= George Charles Dyhern =

Saxon general born 1710

The Rt. Hon. George Charles, Baron de Dyhern (10 April 1710 – 25 April 1759), was a Saxon general, war minister under the regency of Augustus III. of Saxony, king of Poland and a close friend of Field Marshal Count Frederick Augustus Rutowsky.

== Family ==

Baron George Charles Dyhern (originally Georg Carl von Dyh(e)rn) was born in 1710 in Głogów as a member of the House of Dyhrn, an ancient prominent noble family from Silesia, who had distant relations to many European royals.
His father was Baron Melchior Frederick de Dyhern, a wealthy Lord, who owned considerable land in Lubusz Voivodeship, and his mother was the Countess Helen de Nimptsch. His sister Marie Dyhern was the mother of the famous Marshal François Christophe de Kellermann, 1. duke of Valmy.

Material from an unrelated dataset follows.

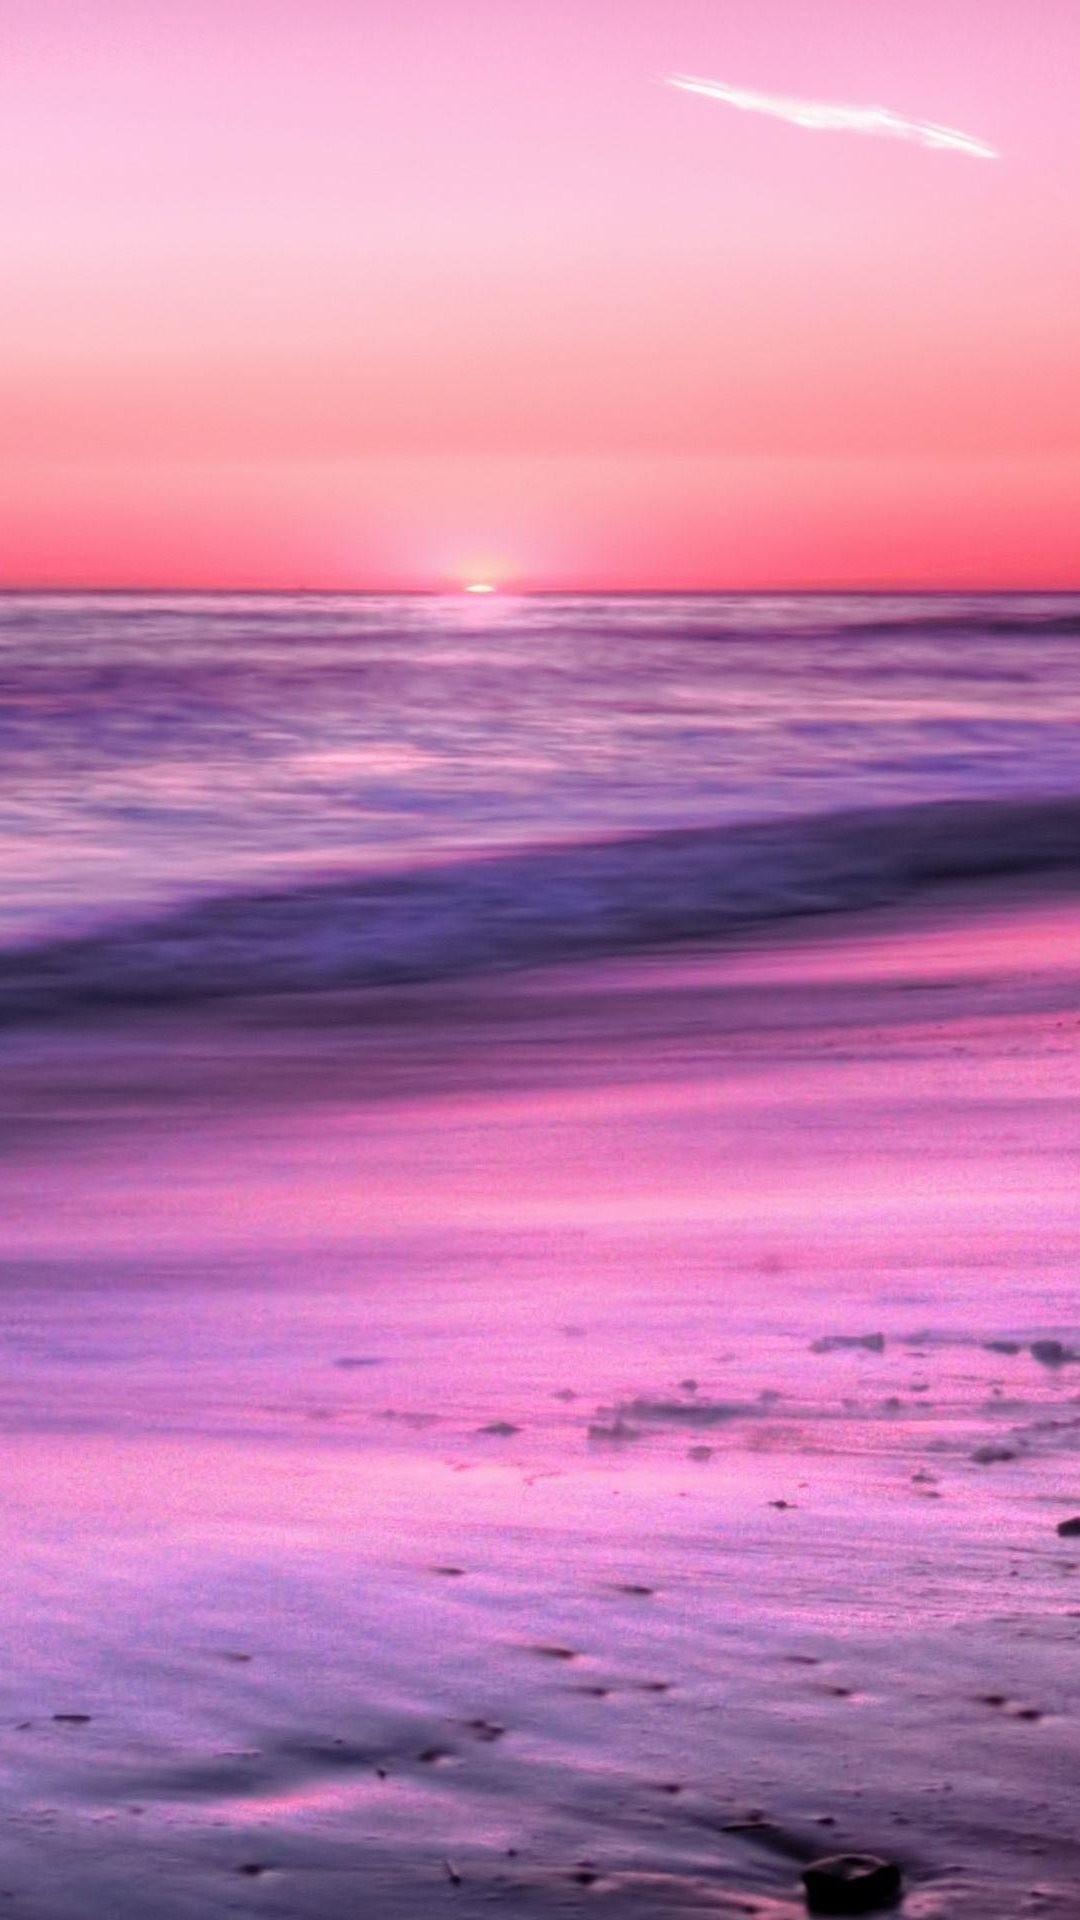 Nature iPhone 6 Plus Wallpapers – Sunrise Horizon Calm Sea Beach iPhone 6  Plus HD Wallpaper

Dyhern's grandniece, Baroness Caroline de Kottwitz, was the wife of the famous Prussian field marshal Count August Neidhardt von Gneisenau, who was a prominent figure in the German Campaign of 1813 and played an important role in the Battle of Waterloo under Blücher in 1815.

== Life ==

Dyhern was a brilliant student. He studied theology, philosophy and mathematics and he completed his studies with highest distinction. In 1740 he married an Italian aristocrat in Prague, with whom he had two sons. Through his marriage Dyhern became a landowner in Bohemia.

As a lieutenant, Dyhern took part in the battle of the Timok Valley in Hungary (today Serbia) in 1737 under the commandment of Count Frederick Augustus Rutowsky, who later become one of Dyhern's closest friends.

During the War of the Austrian Succession, Dyhern fought as a major in Prague in 1741, as Marshal Maurice de Saxe made his unexpected night attack on the Bohemian capital. In 1745 he was a captain and in 1752 a generalmajor and also a general lieutenant of a Saxon regiment in service of King Louis XV of France, with whom Dyhern was acquainted already since the middle of the 1730s, as he was studying and living in Versailles and Paris.
As a general, Dyhern commanded the Saxonian army in Austria, France, Poland and Bohemia. He also became a war minister under the government of the prime minister Count Heinrich von Brühl and he was regularly corresponding with the Saxon Elector Augustus III, Prussian king Frederick the Great, the French king Louis XV. de Bourbon and others.

In 1746 Dyhern wrote a book about wars, named Nachricht oder historische Erzählung des Krieges-Handlungen, which was published in German in Hamburg and the same year translated in French and published as such in Cologne.

In the Battle of Rossbach (1757) Dyhern fought as a commander of Saxon troops along with Prince Charles de Rohan, commander of the French army. France and Austria were defeated by Prussia.

Two years later, on 13 April 1759, the Battle of Bergen in Hesse followed. Dyhern, as Saxon general along with Victor François de Broglie, Duke of Broglie, commander of the French army, fought against the armies of Great Britain, Hesse-Kassel, Brunswick and Hanover. Only a few weeks before the battle, Dyhern was still trying to make an agreement with the Prince de Isenburg, hessian commander, at their meeting in Champs-Élysées in Paris, but unsuccessfully.

In this battle, Dyhern, among many other men (also Prince Isenburg, who died on the same day as the battle took place) was seriously wounded, and brought to a hospital in Frankfurt. France and Saxony were then defeated. In Frankfurt he was tended by Dr. Fresenius, who later wrote a book about Dyhern and his great courageous personality. 12 days after he got the wound, Dyhern died at the age of 49.
The Battle of Bergen made his reputation worldwide. The legendary Saxon general was even mentioned by Goethe in his literature -always as “a brave general of liberal spirit”. General Dyhern's great personality and career was also mentioned in works of John Entick (in General History of the Late War), David Hume (in The History of England) and described in other scientific literature and newspapers all over Europe and America through the 18th and 19th century.

General Dyhern was buried in Frankfurt, Hesse. At his funeral great generals as Count Rutowsky and Prince Francis Xavier of Saxony, with whom he was working with in the last years of his life, were in tears over the death of their great friend and colleague.

== Sources ==

- C. A. Frank: The Lutheran Witness. Cleveland, USA, 1899.
- J. P. Fresenius: Baron de Dyhern. Boston, USA, 1835, (translated in English).
- J. Welesley: The works of the Rev. J. Welesley, Volume 3. London, Great Britain, 1810.